Story #67

The perfect game against the best team: Czechoslovaks-Soviets 7-2

April 10, 1974 – Helsinki, Finland

 

This is what coaches dream about – the perfect game. A game in which you don’t have to scream and shout, take a timeout, or write a myriad of X’s and O’s on the chalkboard between periods. A game where you simply relax and let the players do their job and just make sure they don’t wake up. This is probably how the Czechoslovak coaches Karel Gut and Jan Starsi felt on April 10, 1974, during the game against their eternal rivals, the world champions Soviet Union, midway through the 41st World Championship in Helsinki, Finland.


It must be remembered that the CCCP team had won every world title between 1963 and 1971. The Czechoslovaks broke the nine-in-a-row with their historic home win in 1972, but the Soviets bounced back emphatically by thrashing every opponent at home Moscow the next year. And, apart from winning ten world titles in eleven years, they also claimed four of the five last Olympic gold medals (1956, 1964, 1968, 1972). Further, in the 1972 Summit Series against Canada, the Soviets proved that they were as good as any team on the planet.


Of course, even the “Big Red Machine” lost the occasional game, but they never lost by a wide margin. Canada’s 5-0 win at the 1955 World Championship was the biggest win so far by any team against the USSR, but the Soviets had entered the international scene only one year earlier (albeit dramatically, winning gold from Canada with a 7-2 victory in the decisive game).


Nobody who witnessed the game at the Helsinki Ice Stadium on that day in 1974 will ever forget what happened. Vaclav Nedomansky got Czechoslovakia ahead in the eighth minute and two late first-period goals by teammates Oldrich Machac and diminutive Vladimir Martinec made it 3-0 at the first intermission. The Soviets were shocked, as was the capacity crowd. But things would just get worse for the team that never knew how it felt to be humiliated.

Ivan Hlinka got the fourth goal midway through the game. Bohuslav Stastny made it 5-0, and when Martinec got his second late in the middle stanza, the Helsinki arena scoreboard told the most incredible story: Tshekkoslovakia – Neuvostoliitto 6-0.


In the second intermission reporters were running around madly in the press centre, calling their offices and asking colleagues to search in books to find when was the last time a Soviet team lost by such a margin. The reply was, “never”. Fans in the arena and millions of TV viewers made a simplistic calculation: a 6-0 game after two periods meant a 9-0 final score! Could this really happen?

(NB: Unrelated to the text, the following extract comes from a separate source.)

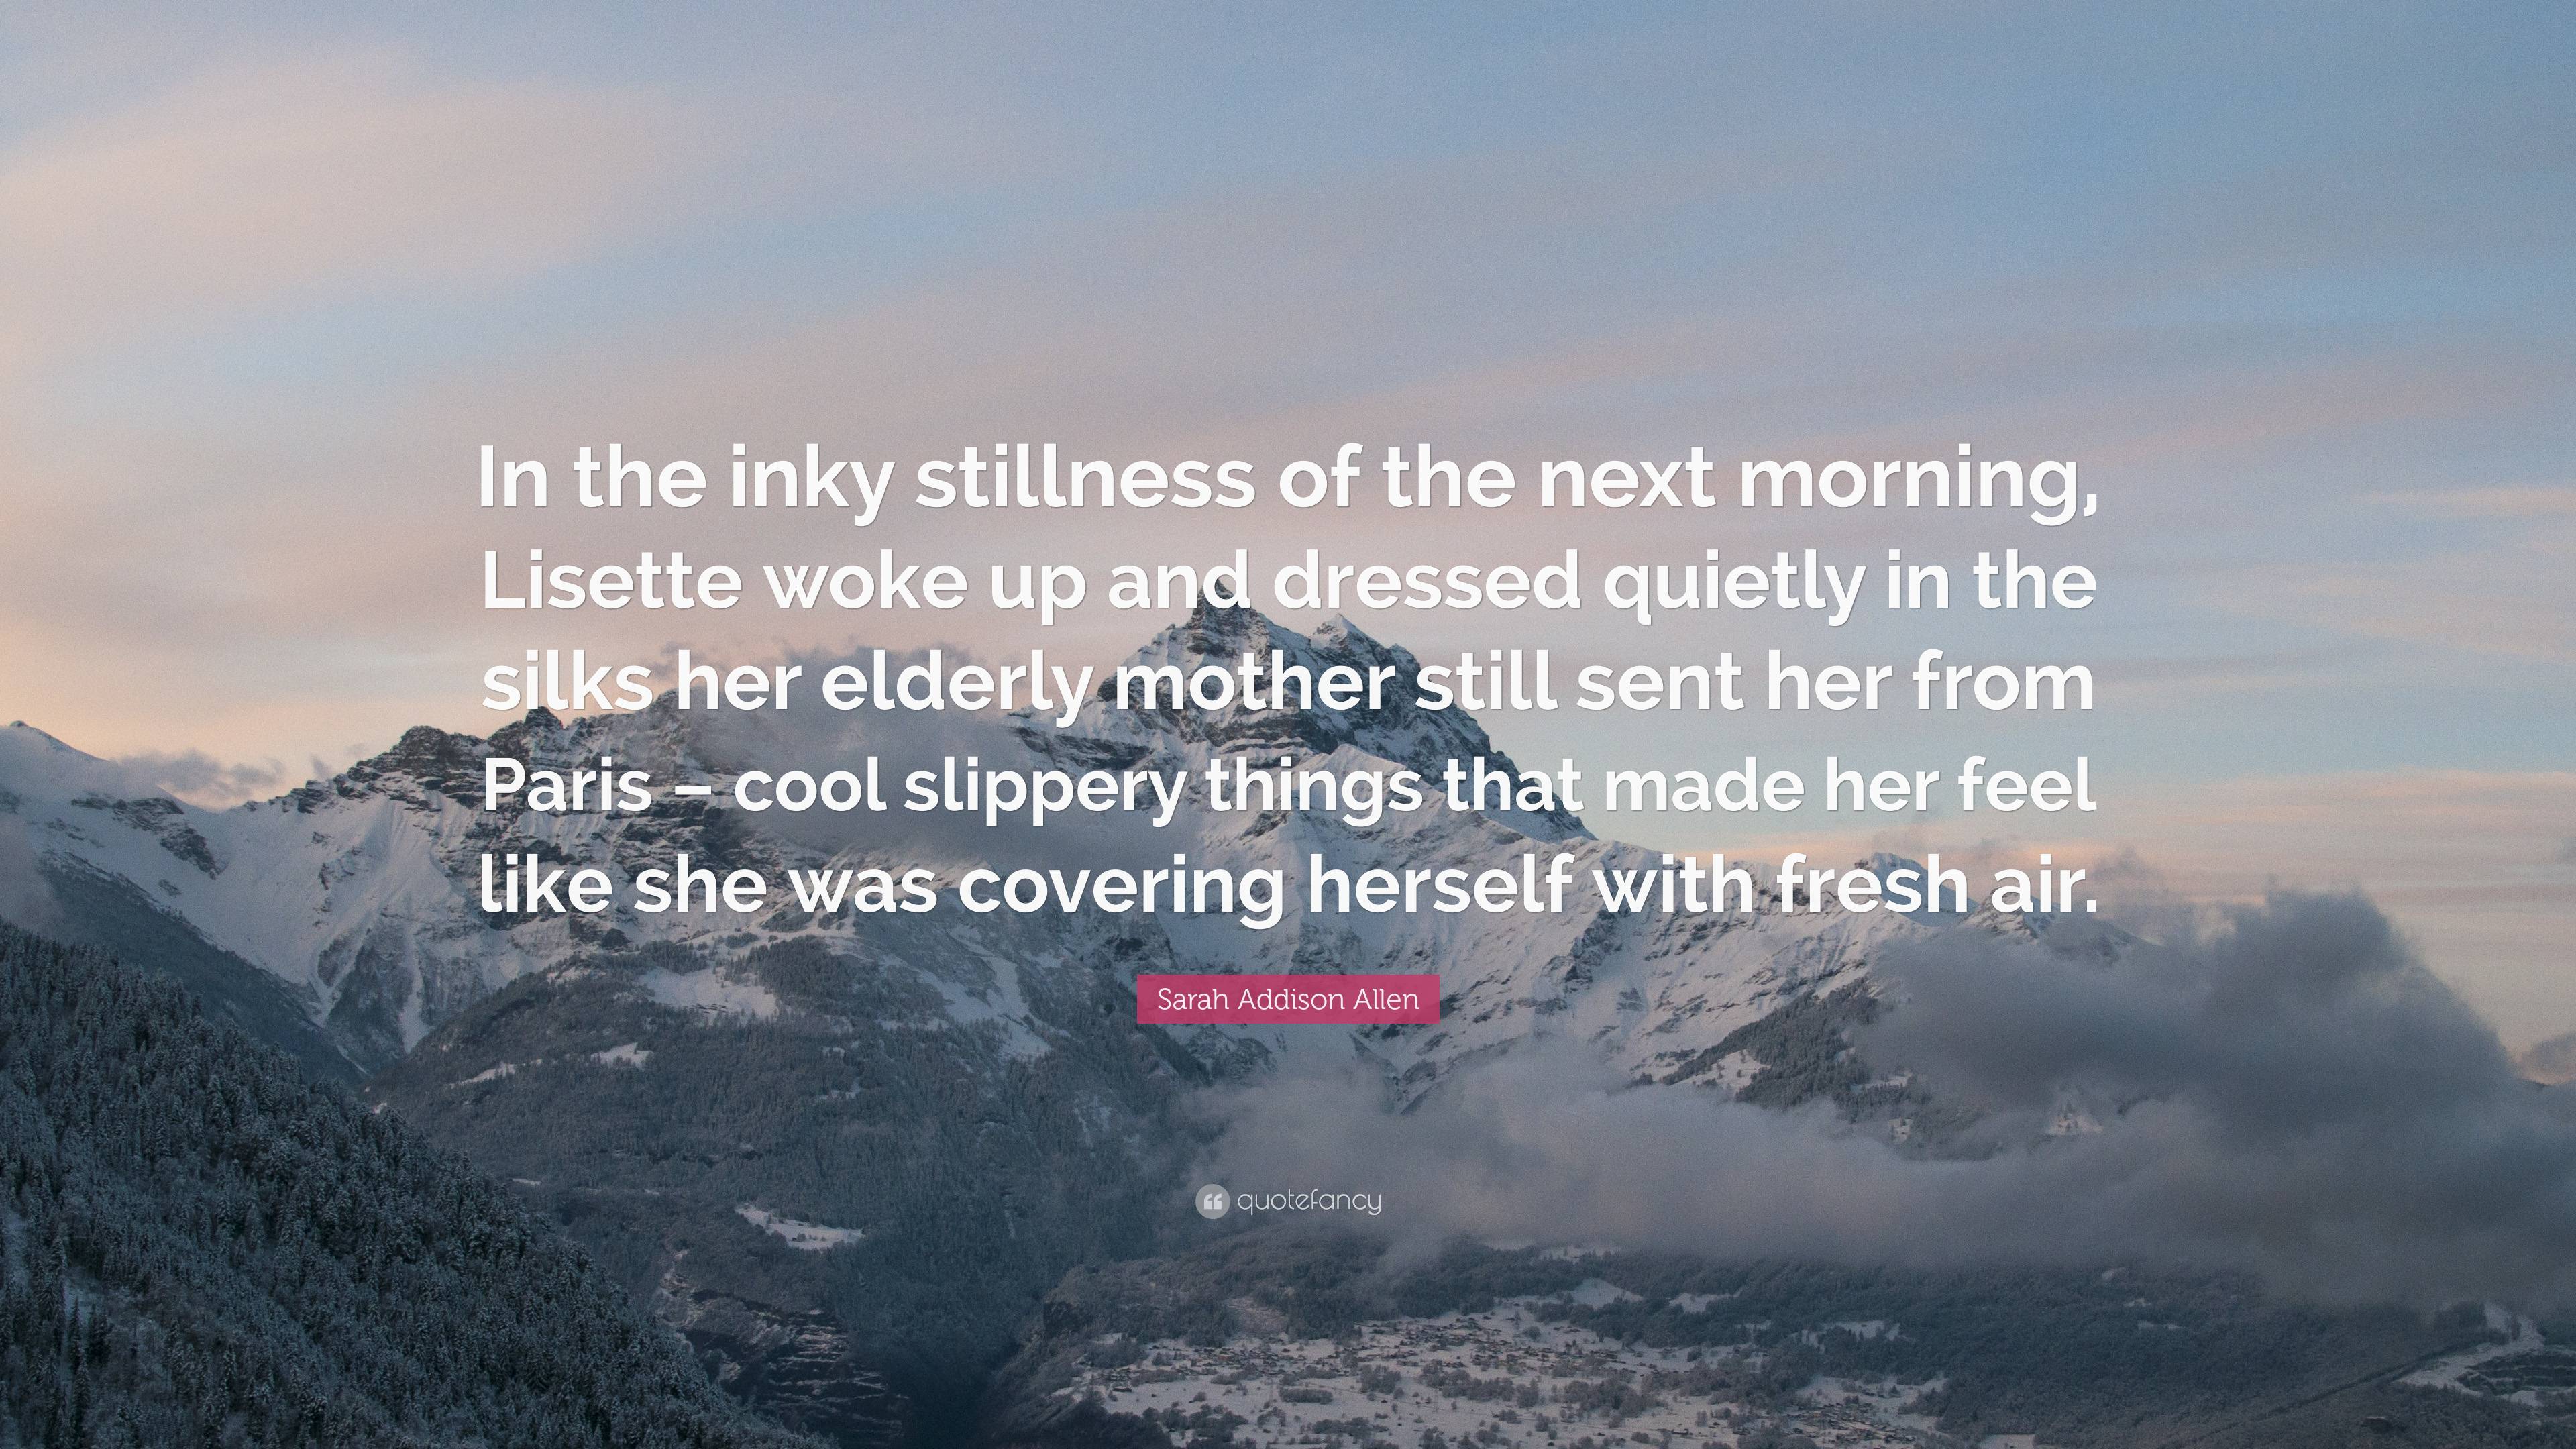 Sarah Addison Allen Quote: “In the inky stillness of the next morning ...

No, not quite. Boris Mikhailov and Vladimir Petrov’s consolation goals in the third period sandwiched Ivan Hlinka’s second marker for the night, but it still was a rout: 7-2 for Czechoslovakia – the biggest loss ever in the history of the Soviet Union ice hockey in an official game, including World Championships, Olympics, Canada Cups and the Summit Series. The Czechoslovaks had just played the perfect hockey game.


Goaltender Vladislav Tretiak had never before conceded seven goals in one game for the national team (he never did again, either). The Soviet team existed until 1991, but it never experienced a worse loss. But how do coaches Gut and Starsi and the players remember Helsinki 1974? With bitterness. The best game ever played against the most superior team didn’t earn the winners the gold medal.


These were the days when the tournament was a double round-robin affair and final position in simple standings determined the medals. Czechoslovakia lost the second game against the Soviet Union, 3-1. On top of that, they lost one game each to Sweden and Finland and had to settle for a silver medal.


But the 1974 World Championship will forever be remembered for one game when a team played perfect hockey.  

About the Top 100 Stories

As part of the IIHF's 100th anniversary celebrations, www.IIHF.com is featuring the 100 top international hockey stories from the past century (1908-2008). Starting now and continuing through the 2008 IIHF World Championships in Canada, we will bring you approximately three stories a week counting down from Number 100 to Number 11.

 

The Final Top 10 Countdown will be one of the highlights of the IIHF's Centennial Gala Evening in Quebec City on May 17, the day prior to the Gold Medal Game of the 2008 World Championship.

 

These are the criteria for inclusion on this list: First, the story has to have had a considerable influence on international hockey. Second, it has to have had either a major immediate impact or a long-lasting significance on the game. Third, although it doesn't necessarily have to be about top players, the story does have to pertain to the highest level of play, notably Olympics, World Championships, and the like. The story can be about a single moment — a goal, a great save, a referee's call — or about an historic event of longer duration — a game, series, tournament, or rule change.